Line by line, repeat the material below exactly and leave the images out.

• _Dataset excerpt_
▶

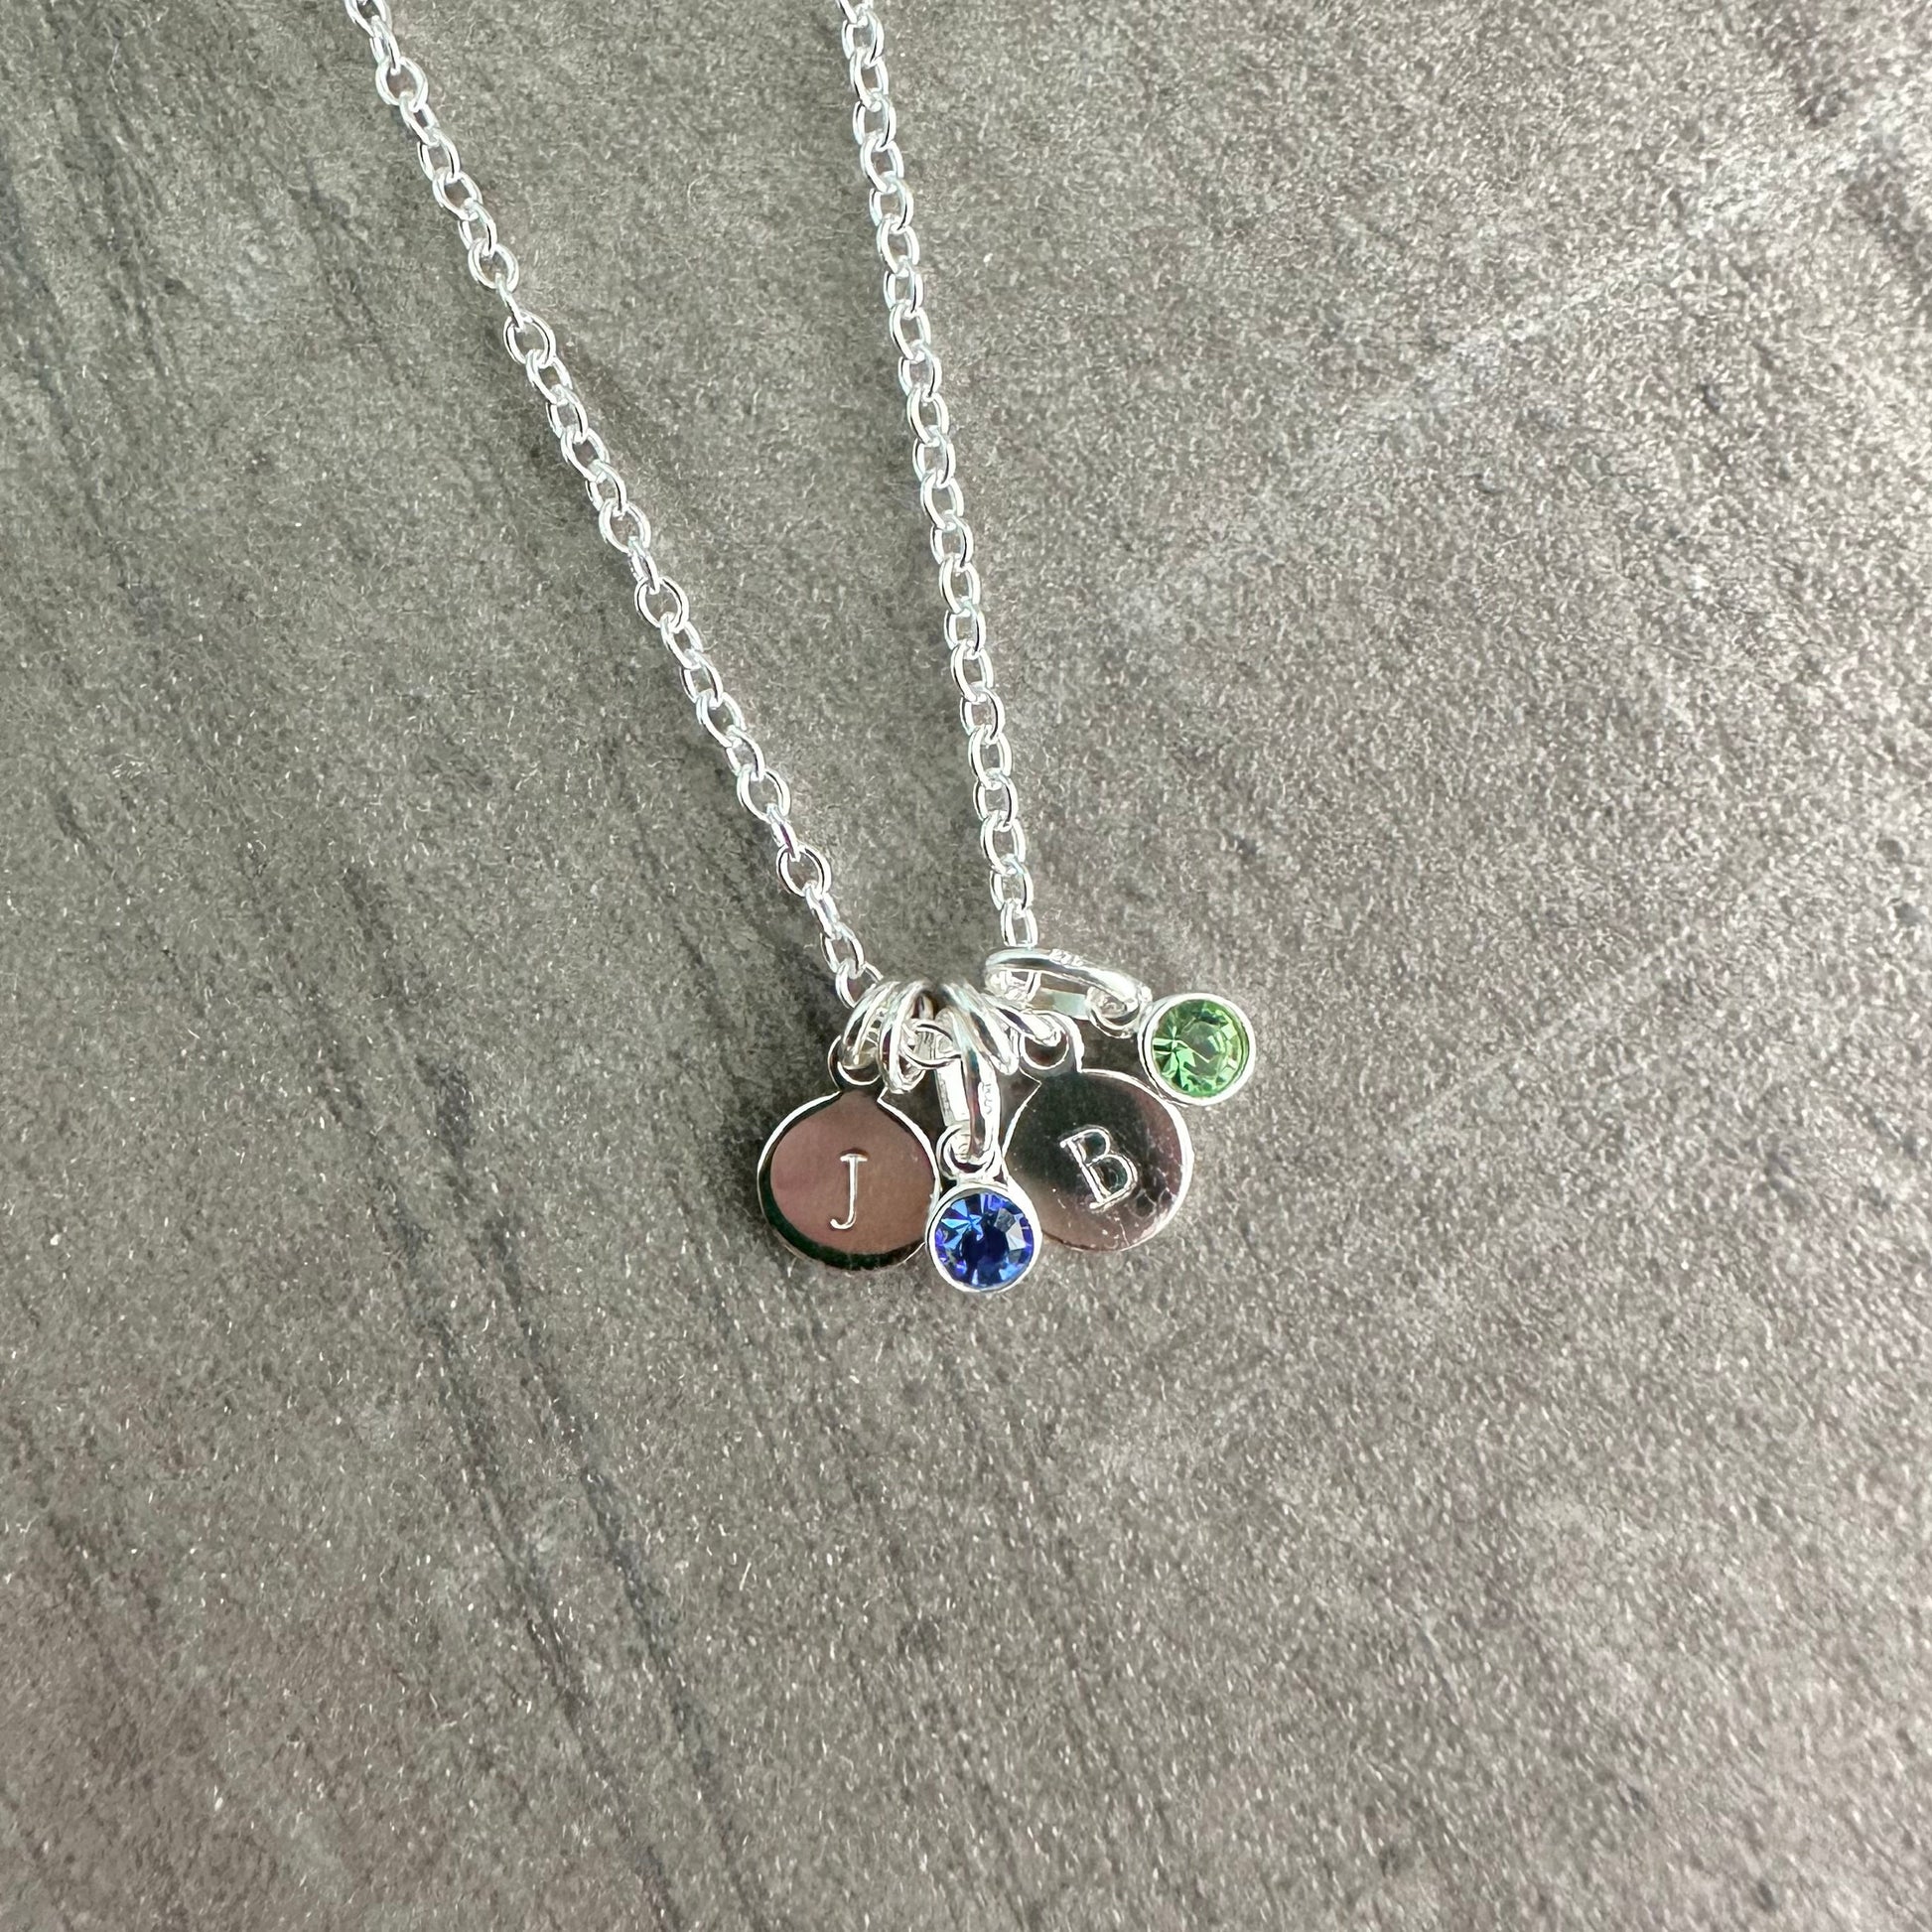 Personalised Crystal Birthstone Charm Necklace with Initials, Sentimental Gift for Mum
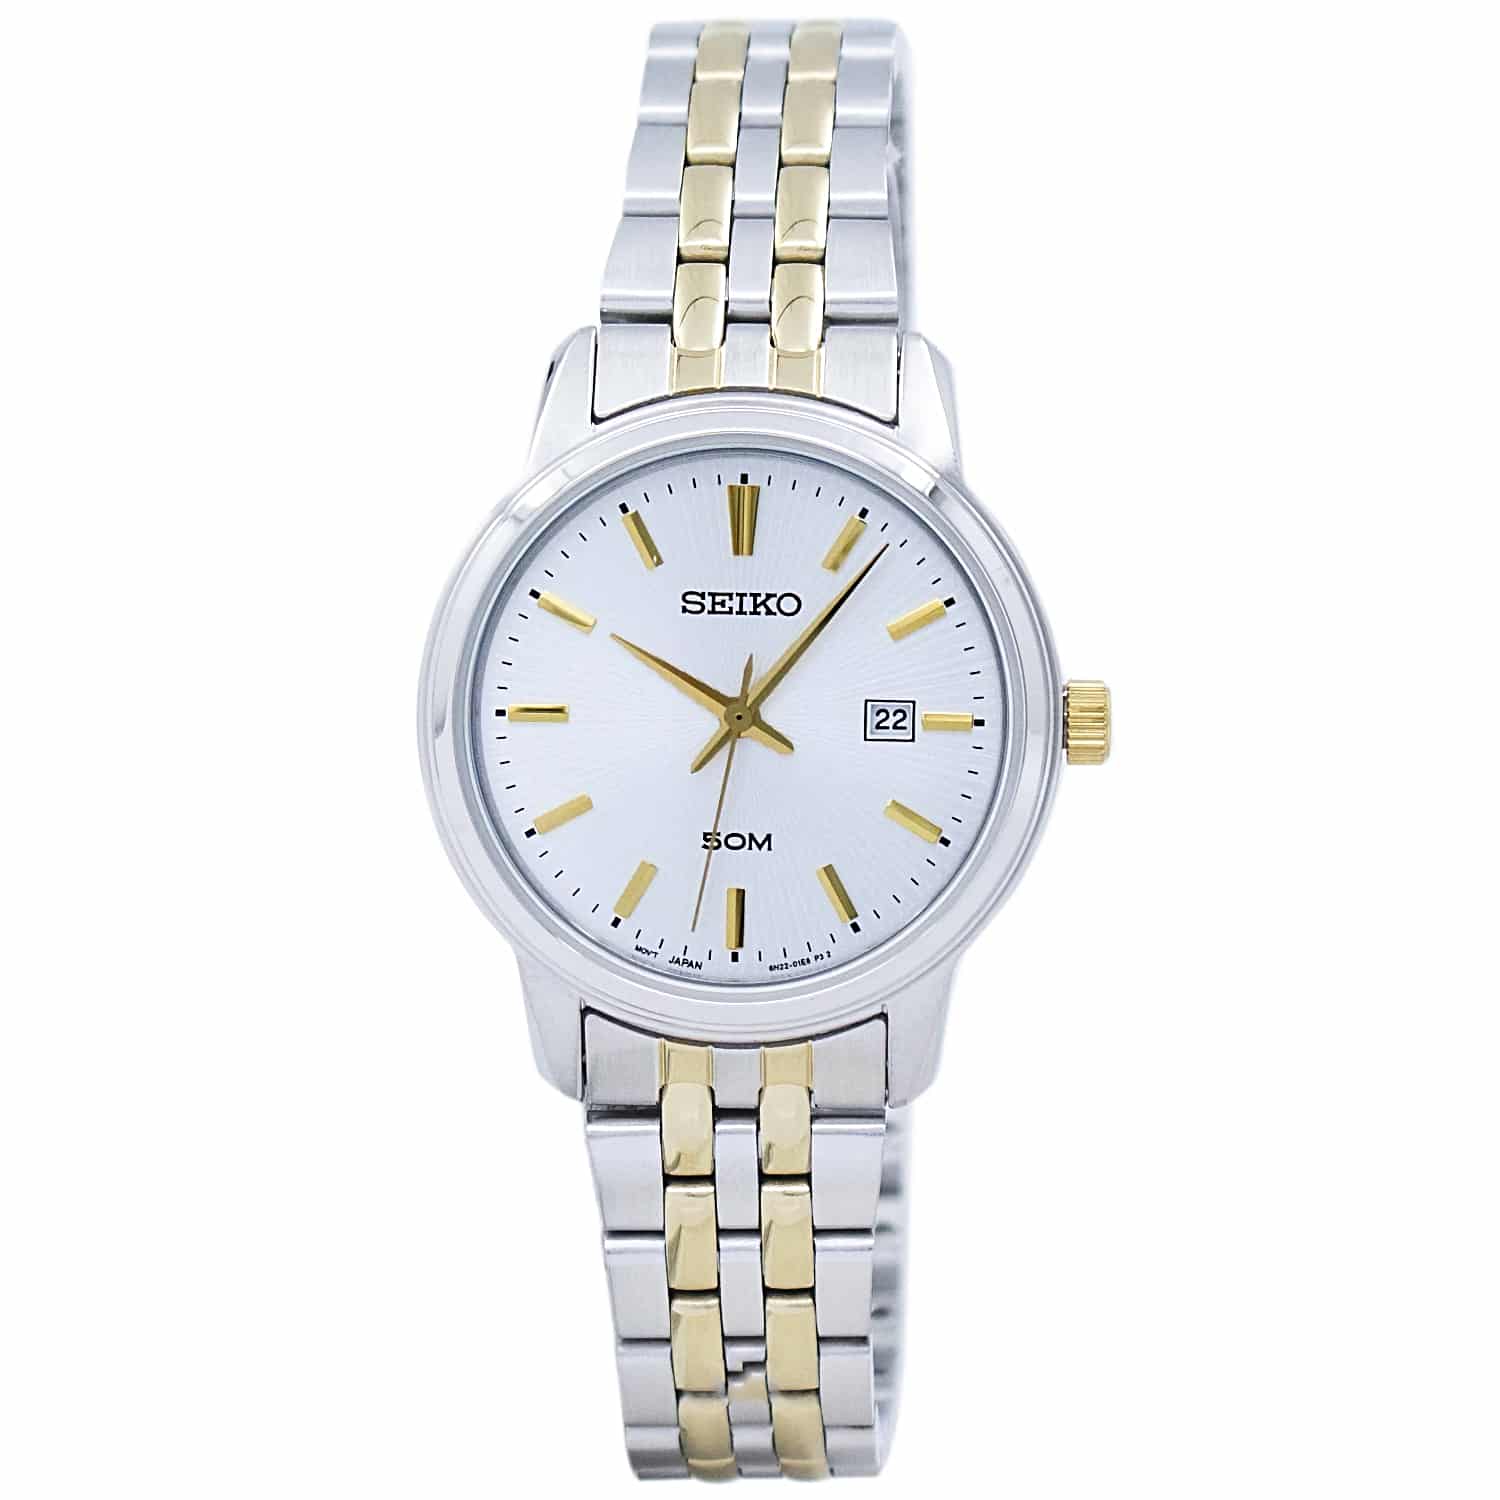 SUR661P1 SEIKO Ladies Dress Watch. SUR661P1 SEIKO Ladies Dress WatchLAYBUY - Pay it easy, in 6 weekly payments and have it now. Only pay the price of your purchase, when you pay your instalments on time. A late fee may be applied for missed payments. Crea
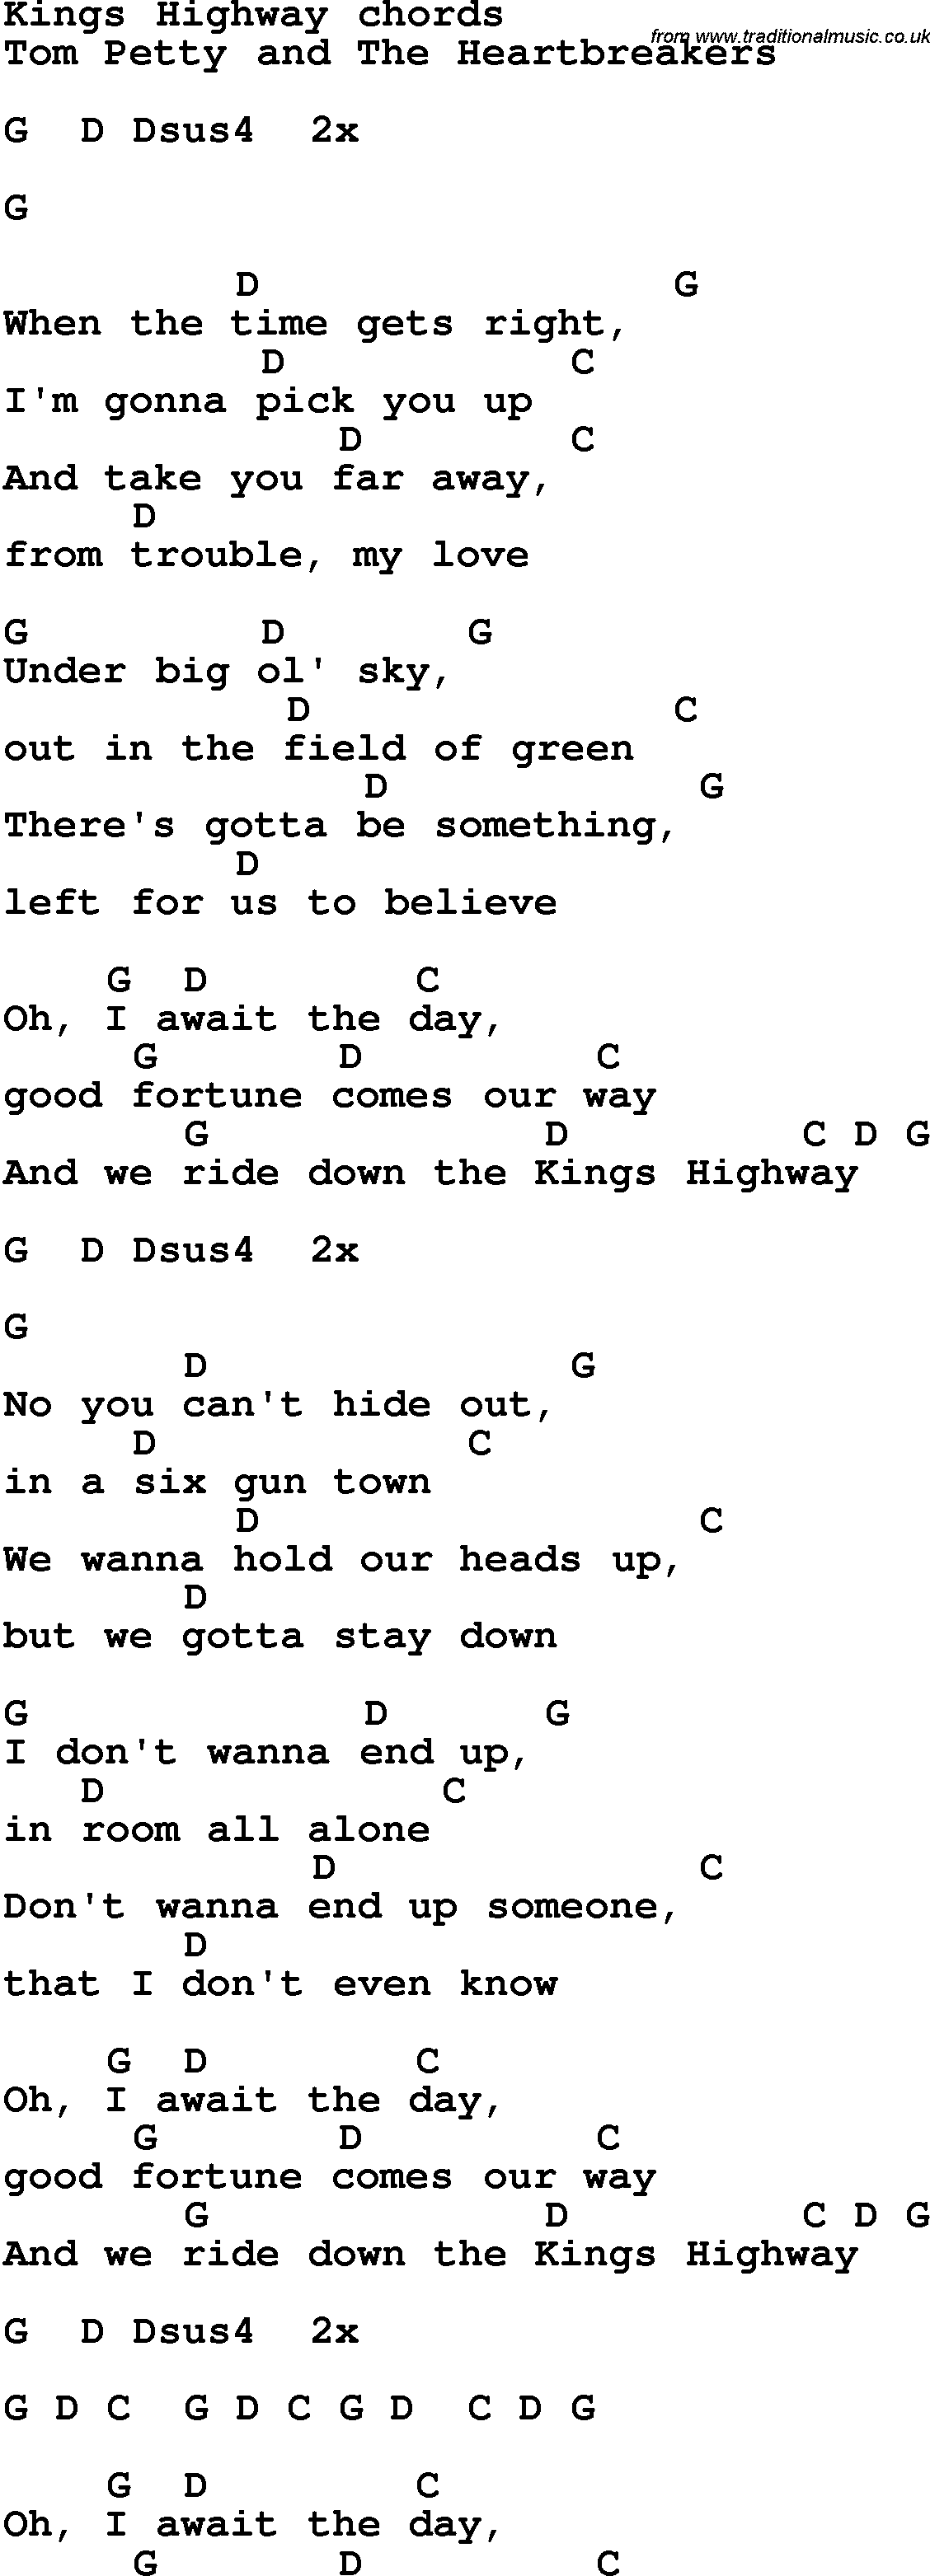 Song Lyrics with guitar chords for Kings Highway

◀

• _Written answer_
 Personalised Crystal Birthstone Charm Necklace with Initials, Sentimental Gift for Mum
 SUR661P1 SEIKO Ladies Dress Watch. SUR661P1 SEIKO Ladies Dress WatchLAYBUY - Pay it easy, in 6 weekly payments and have it now. Only pay the price of your purchase, when you pay your instalments on time. A late fee may be applied for missed payments. Crea
 Song Lyrics with guitar chords for Kings Highway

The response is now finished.